**Task objective:**
Without the pictures, repeat all of the data exactly as it appears below.

**Data excerpt:**
════════════════════
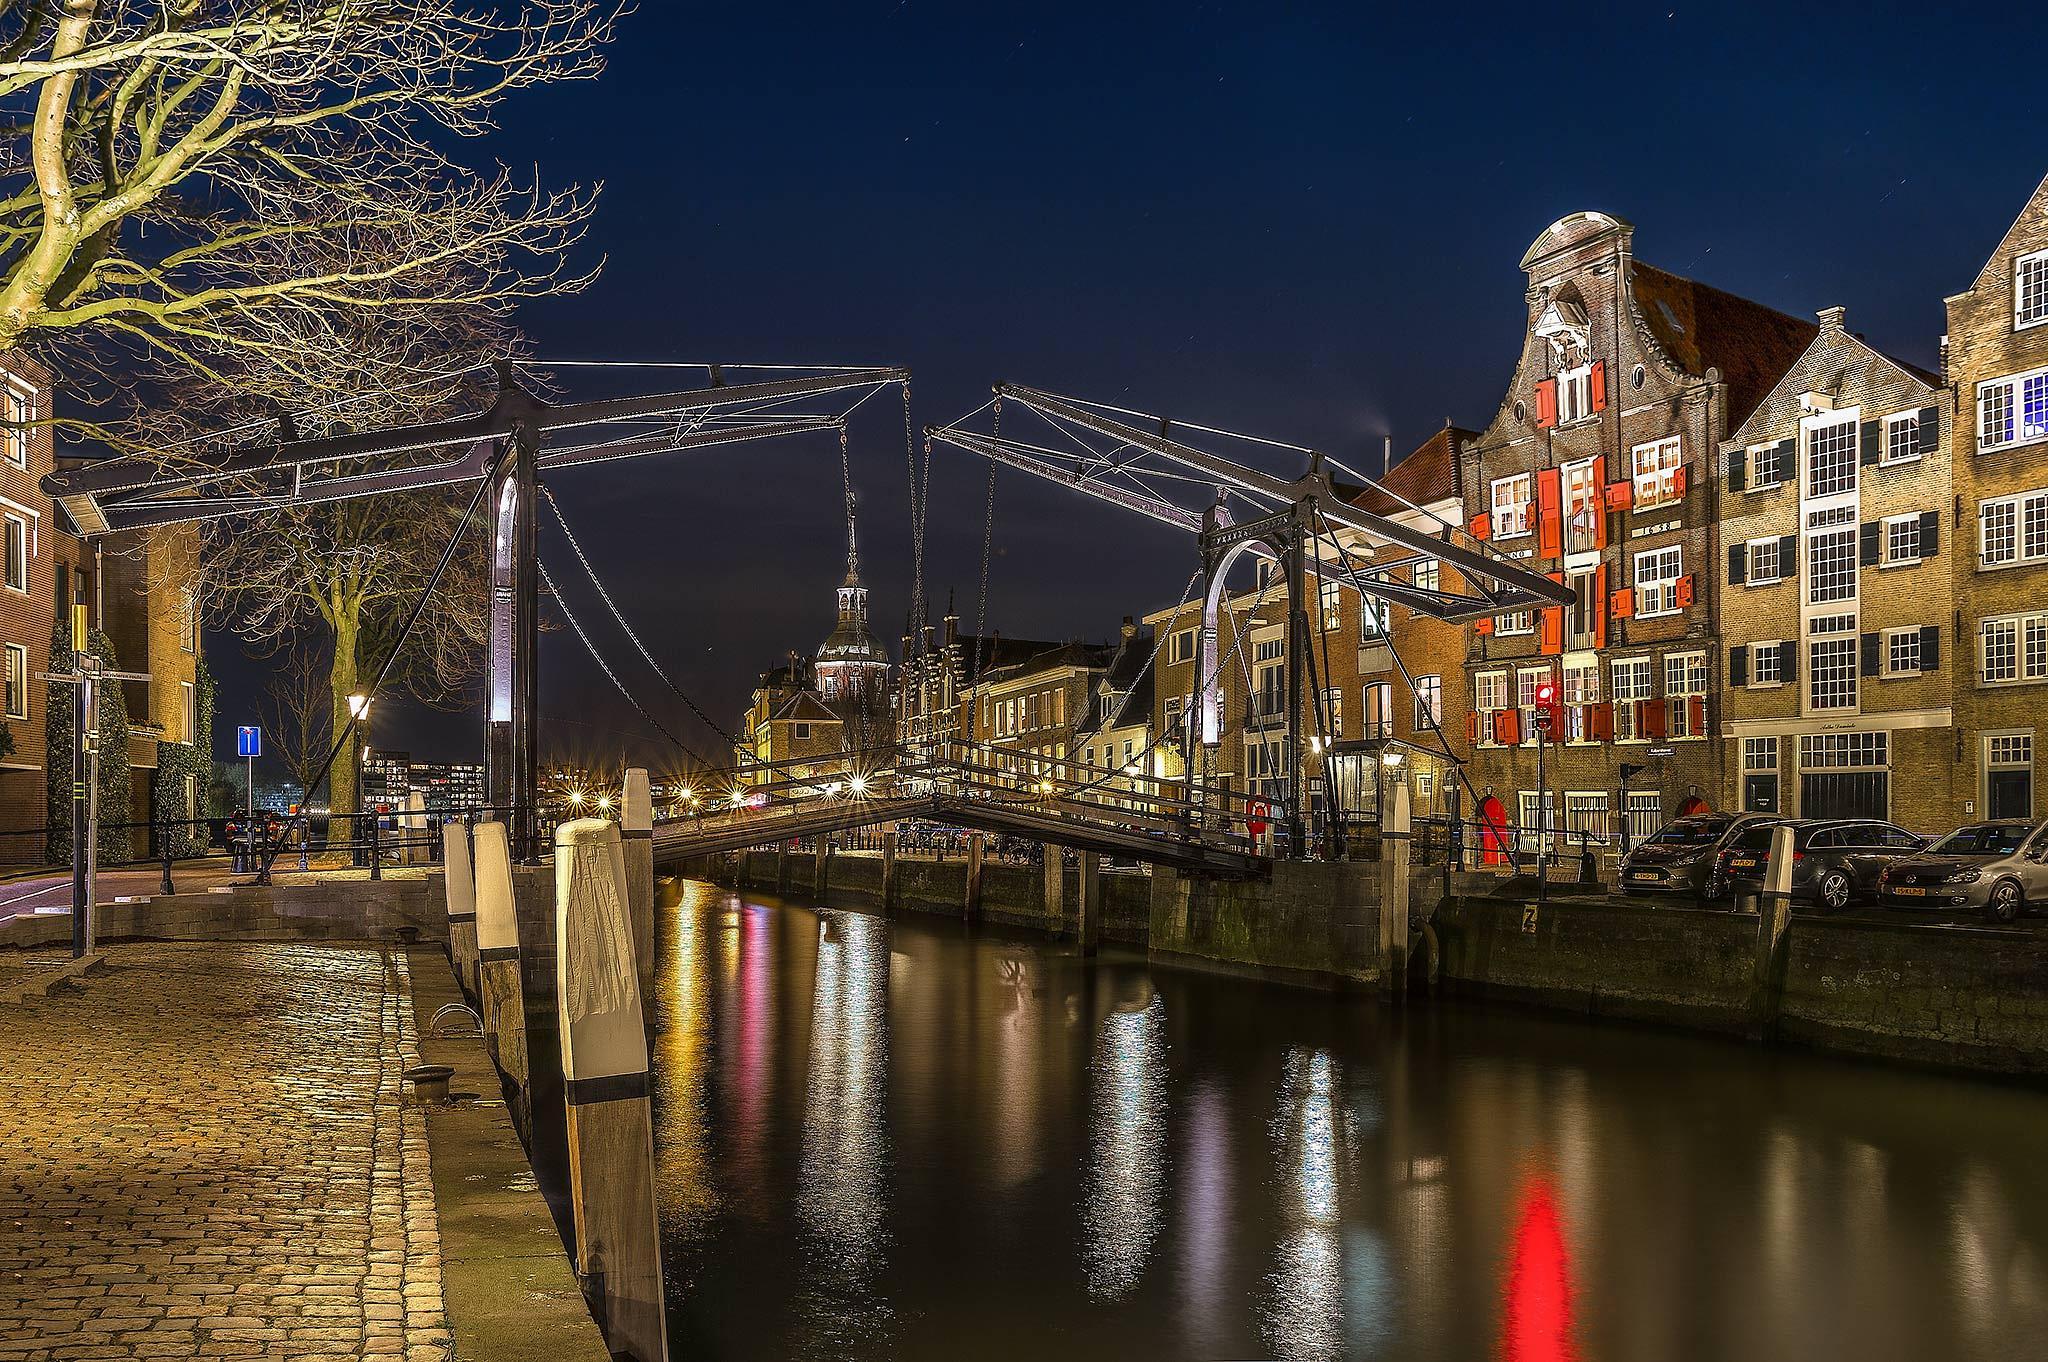 Kuipershaven Dordrecht by Rémon Lourier
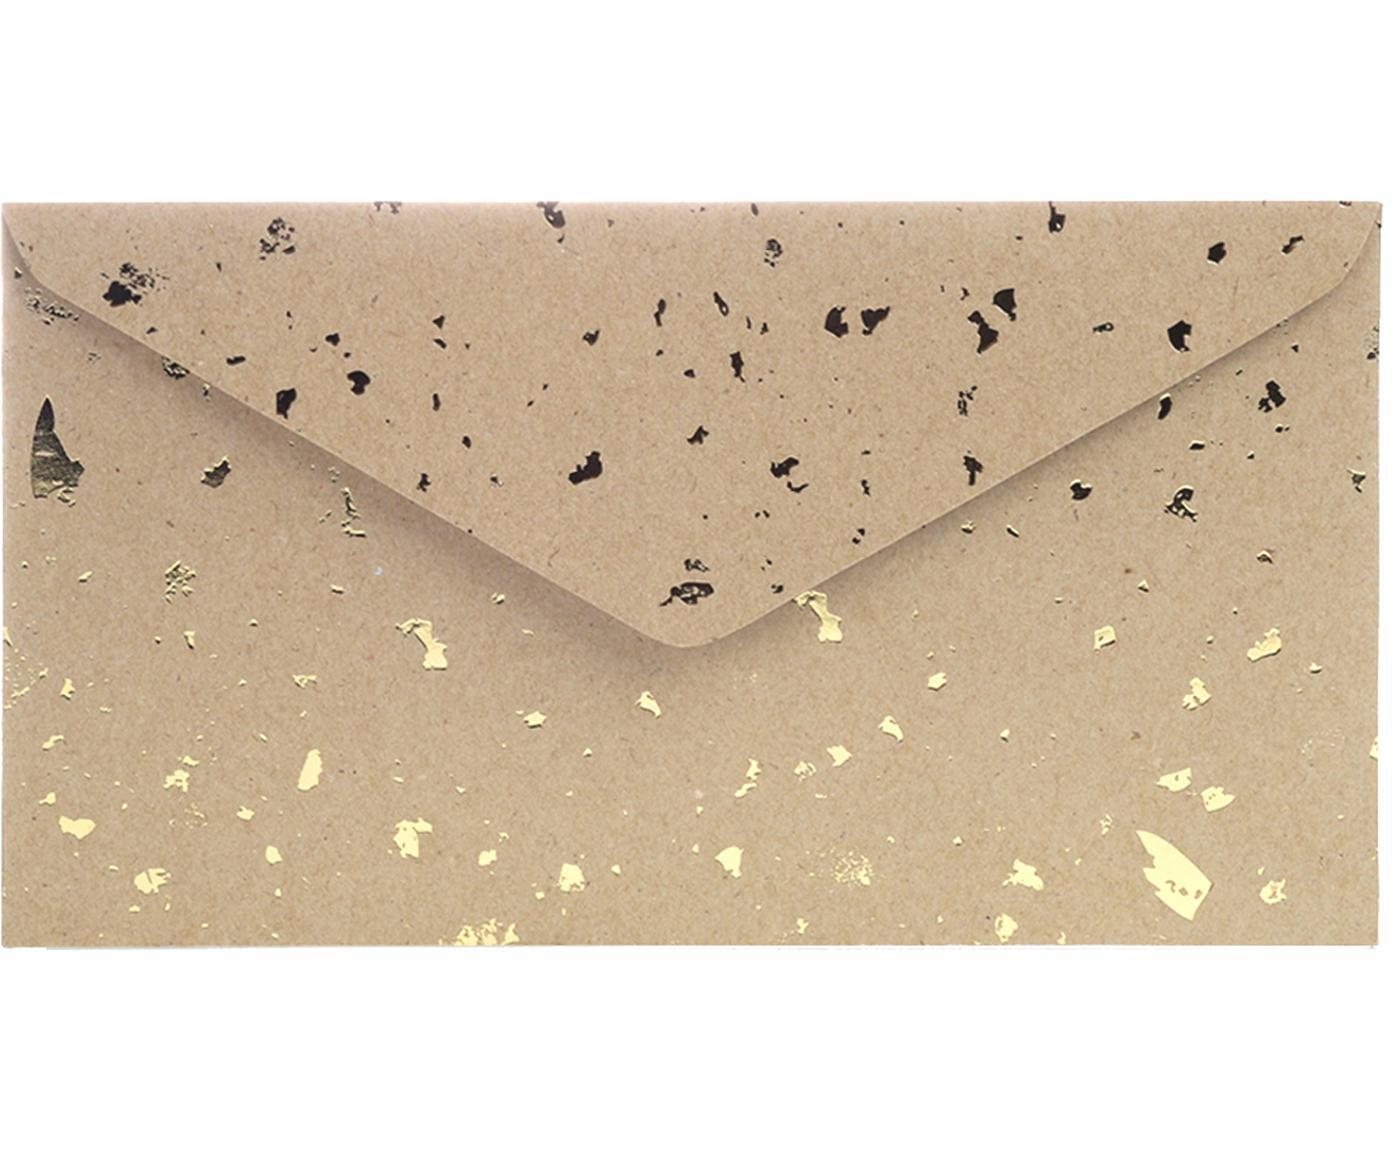 Umschläge Carat, 3 Stück, Kraftpapier, Braun, Goldfarben, 24 x 14 cm
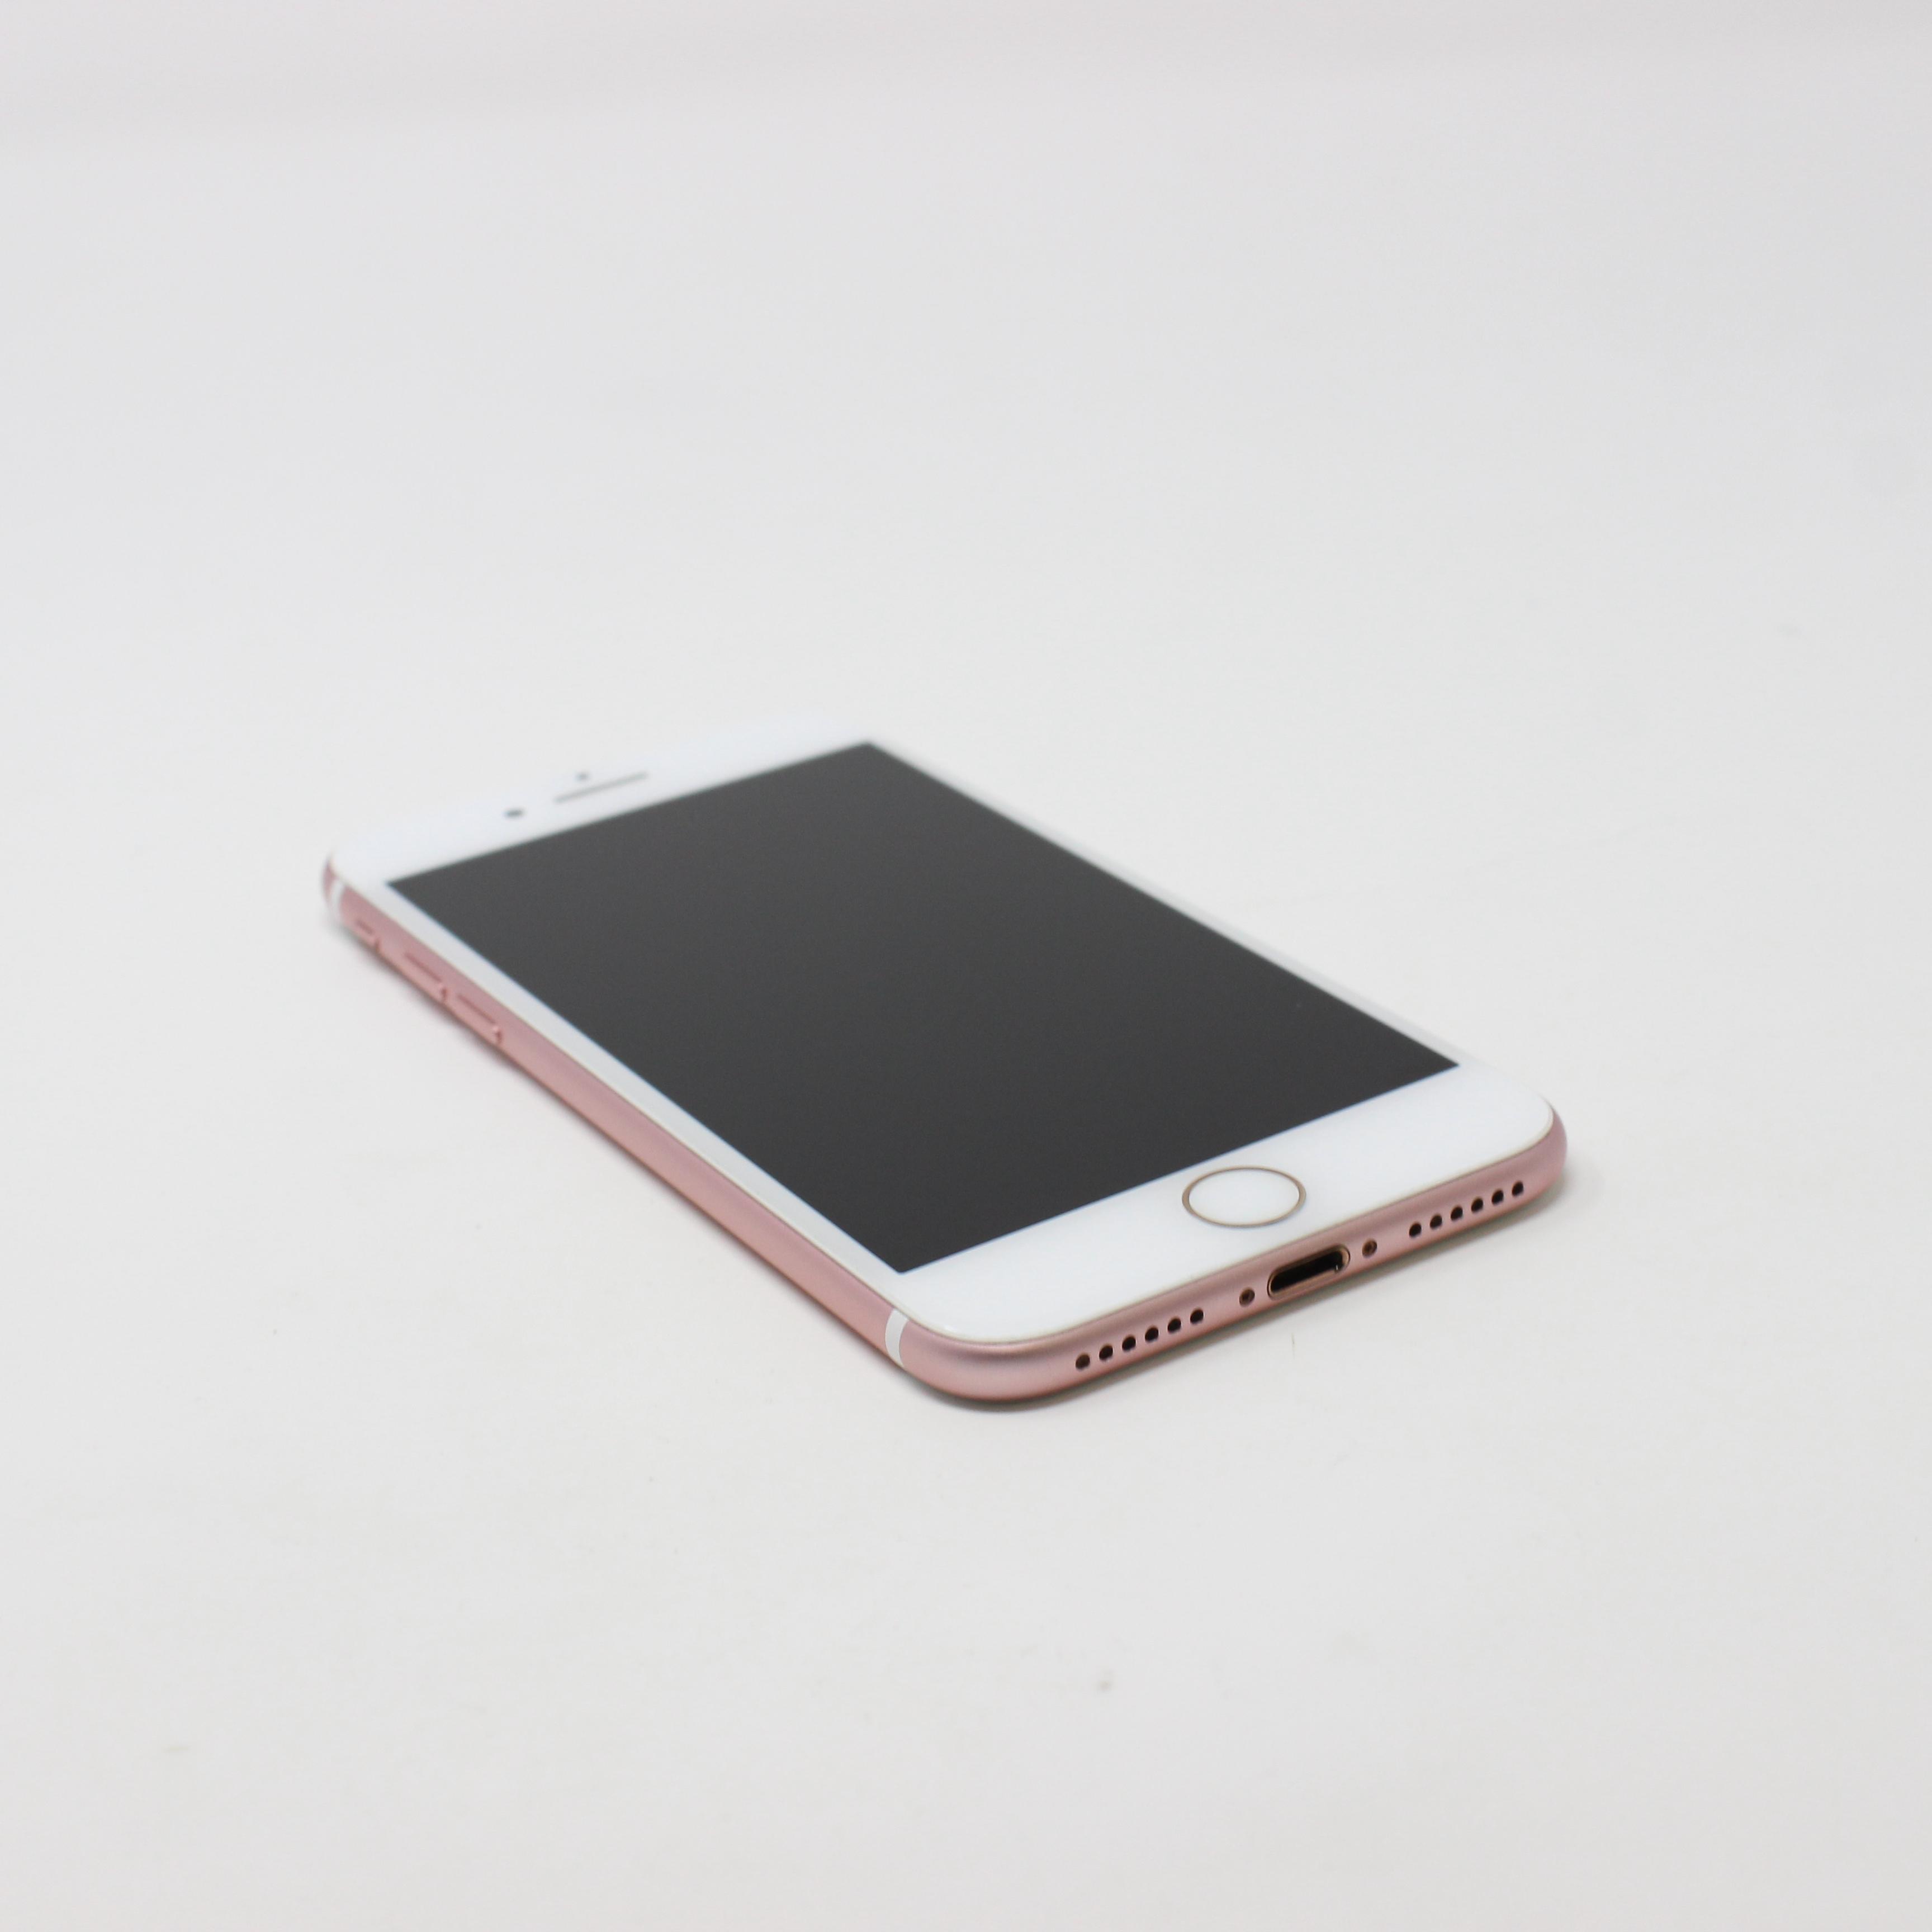 iPhone 7 32GB Rose Gold - Verizon photo 5 | UpTradeit.com
════════════════════
**Output of the exercise:**
 Kuipershaven Dordrecht by Rémon Lourier
 Umschläge Carat, 3 Stück, Kraftpapier, Braun, Goldfarben, 24 x 14 cm
 iPhone 7 32GB Rose Gold - Verizon photo 5 | UpTradeit.com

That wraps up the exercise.